Thank you for the reply! It definitely has helped me gain insight into McDowell's methodology, which I hope will be useful as I read Mind and World.

What led me to suspect McDowell's opposition to 'scientism' is this quote:

"My main concerns in philosophy centre on the effects of a metaphysical outlook into which we easily fall, at the point in the history of thought that we occupy. This outlook might be called naturalism or scientism. I believe it tends towards a distortion of our thinking about the place of mind in the world: the damaging effects show up not only in metaphysics itself, but also (for instance) in reflection about language, and in the philosophy of value and action. The task of philosophy, as I see it, is to undo such distortions." -John McDowell (in "Philosophers" by Steve Pyke).

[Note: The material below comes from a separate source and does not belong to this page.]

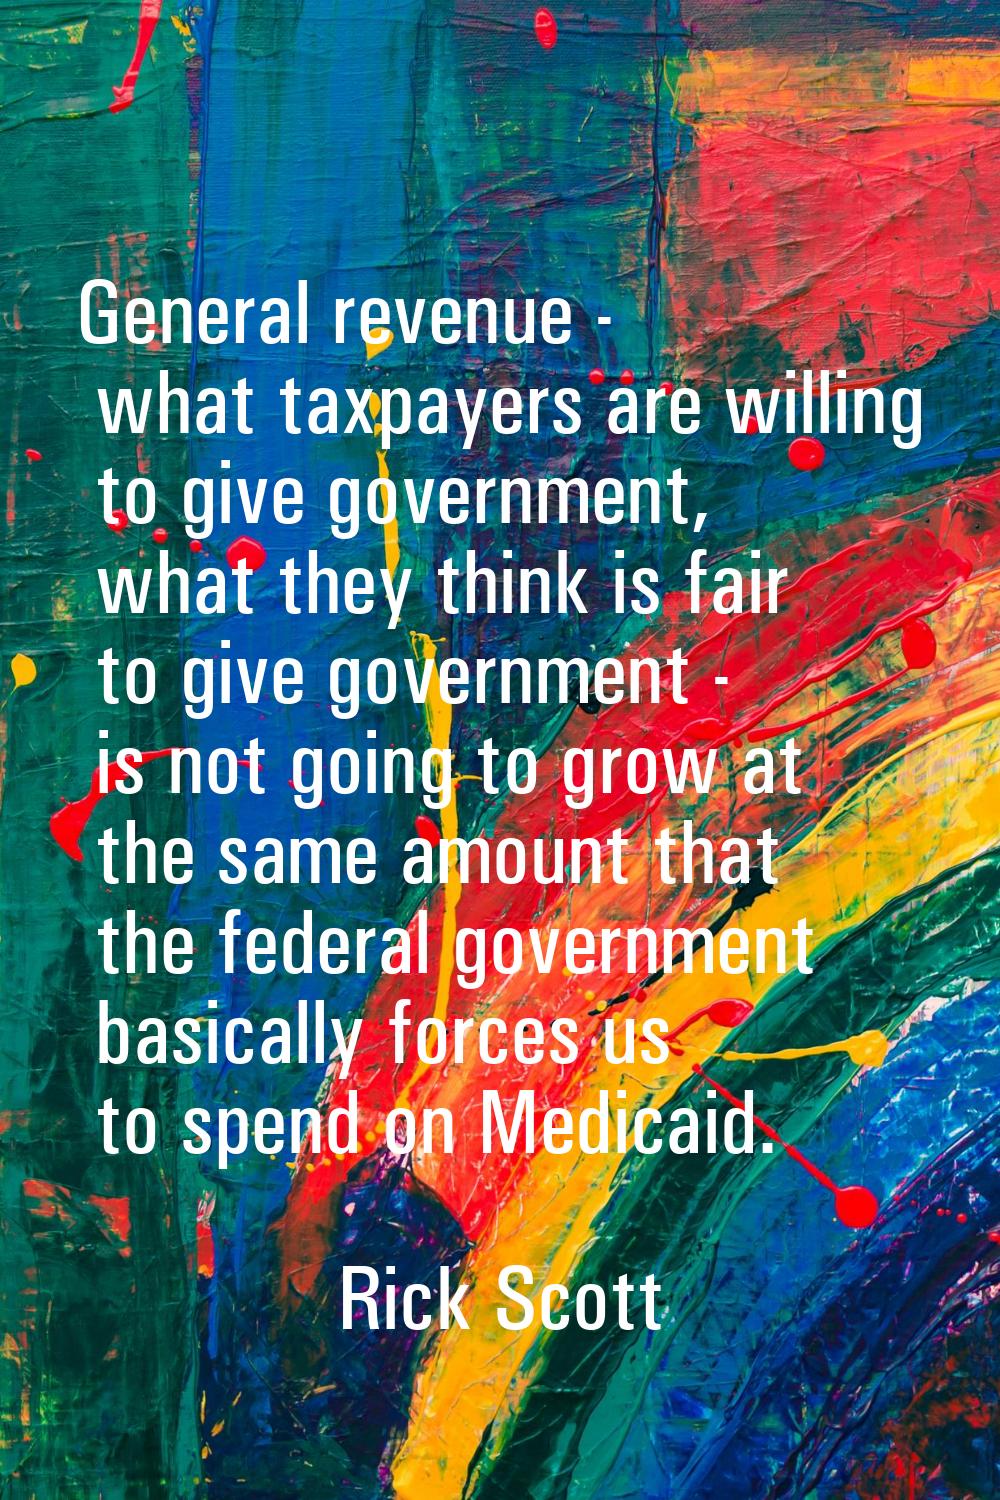 General revenue - what taxpayers are willing to give government, what they think is fair to give go

So, given your reply in the context of this quote, McDowell isn't opposed to naturalism per se, but he believes that naturalisms other than 'scientistic naturalism' should be seriously considered?

On a semi-related noted: is McDowell of the opinion that all philosophical problems can only be dissolved, therefore they cannot be solved? Furthermore, from McDowell's perspective, given an appropriate therapy for a philosophical problem, would that philosophical problem completely cease to be a problem altogether or would it be possible for the problem to simply lose its philosophical status and become a problem that can be solved by other means?

Lastly, could you very briefly explain some key points that McDowell makes about problems concerning intentionality?